Medicare's 5.4% decrease in 2002 physician payments continues to be a hot topic of discussion in Washington.
Yet, as leaders of physician groups and government agencies testify before Congress, the timeline for any resolution remains unclear.
The problem is money. The Congressional Budget Office places a price tag of $126 billion over a 10-year period on the recommendations given by the Medicare Payment Advisory Commission, an independent federal body that advises Congress on issues affecting the Medicare program.
"It's like getting sticker shock," says Richard Trachtman, director of congressional affairs for the American College of Physicians and the American Society of Internal Medicine.
"Still, we don't believe it'll cost that much."
ACP/ASIM plans to work with other physician groups on an independent analysis of the cost to fix the physician payment problem.
MedPAC's March 2002 report to Congress recommends repealing the current sustainable growth rate formula, which ties physician payments to the overall economy, and implementing updates based on changes in costs and productivity.
MedPAC also recommends that Congress increase payments for physician services by 2.5% for 2003.
MedPAC for the past year has stressed to Congress the problem of the current formula, which causes large year-to-year swings in payment updates that are unrelated to changes in the cost of providing physician services.
This is reflected in the 5.4% and 4.5% payment increases in 2000 and 2001, respectively, and the 5.4% drop this year, MedPAC's chair Glenn Hackbarth testified at a Feb. 28 congressional hearing.

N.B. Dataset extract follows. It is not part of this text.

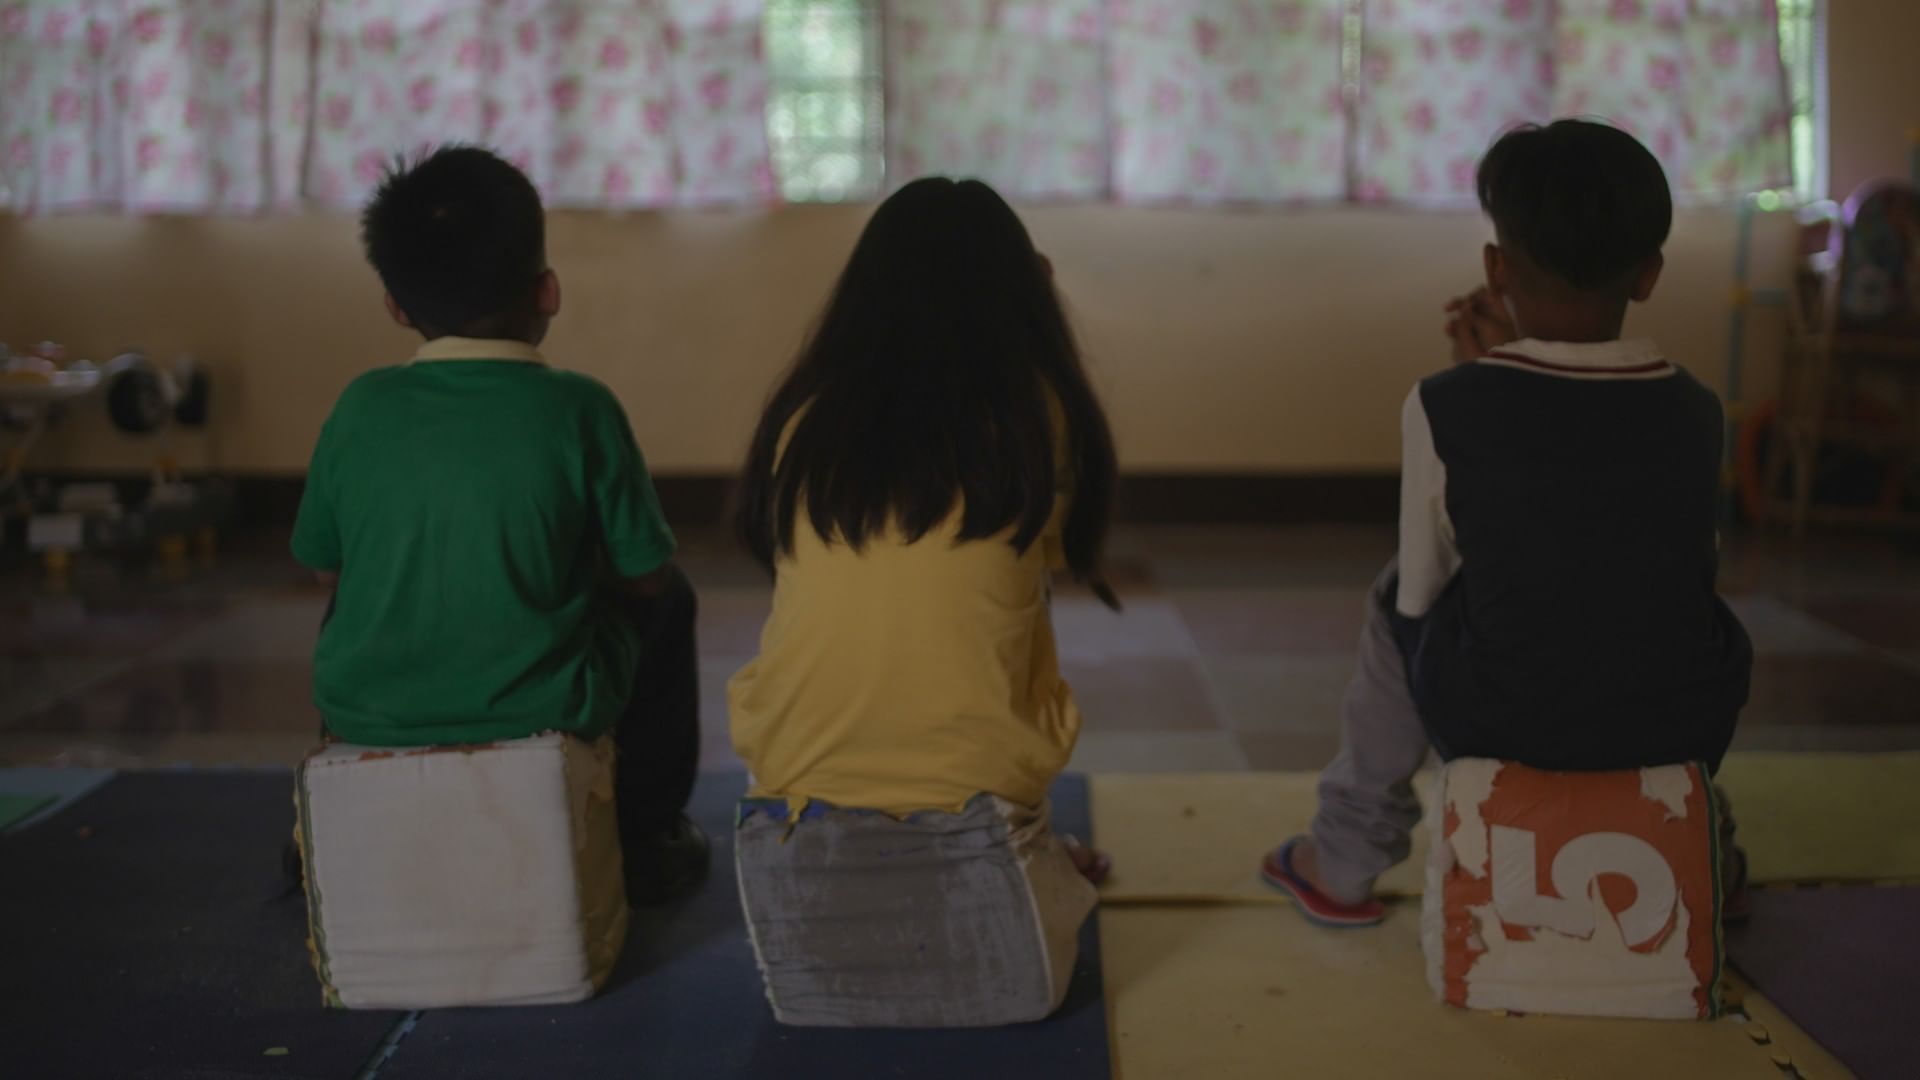 Philippinen – Eltern missbrauchen Kinder online

Projections using the current formula indicate three more years of declines for physician update payments, for a total decrease of about 17% through 2005.
Not changing the current system will aggravate current problems consumers experience, such as difficulty in finding doctors who accept Medicare and long waits for appointments, said Paul Ginsburg, president of the Center for Studying Health System Change, at the Feb. 28 hearing.
Physician practices are already seriously threatened by the current payment cut, especially since two-thirds of practices are considered small businesses, says AMA Secretary-Treasurer Donald Palmisano, M.D.
The reductions leave physicians with such alternatives as not accepting new Medicare patients, opting out of the Medicare program, laying off administrative staff and retiring early or changing careers, Palmisano says.
Regardless of the gravity of the situation, no one is stepping up quickly to resolve the problem.
Indeed, President Bush did not earmark any money to address the issue when he proposed his recommended 2003 budget in February.
Trachtman says, "Any solution has to be budget-neutral, which means that now the money must be found by reducing payments to others under the Medicare program and applying that money to fix the physician payment problem. That's not an ideal situation for anyone."
While it is possible Congress could agree on a budget resolution that sets aside funding to fix the problem, that also will take time.
Over the next two months, Congress will tinker with the 2003 budget to meet its April 15 deadline.
"Yet Congress frequently fails to meet that deadline, and with a Democratic Senate and a Republican House, that doesn't auger well for an agreement," says Trachtman.
And according to Kevin Hayes, MedPAC's research director for Part B services, physicians shouldn't bank on receiving retroactive payments for 2002.
"Conversationally, no one has seriously discussed retroactive reimbursements to physicians for services billed for this year," says Hayes.
"The most that could happen is some type of elimination of the (5.4%) payment cut for the rest of the year."
When that "rest of the year" will begin remains the big question.
In the meantime, congressional leaders are working to draft comprehensive Medicare reform legislation.
That effort most likely will include physician payment issues as well as prescription drug coverage.
The latter is another issue begging financial attention, and it is one that draws skepticism.
"Even if Congress could agree on the price tag for a prescription drug package--a big if--we still need to resolve delivery system issues," says Sen. John Breaux (D-La.), a member of the Senate Finance Committee.
Those issues are complicated and generate "deeply held differences of opinion" among some members, he says.
"I am an eternal optimist, but the chances of passing prescription drug legislation this year are less than 50-50," Breaux says.
"I hope I'm wrong, and I'll try to prove I'm wrong."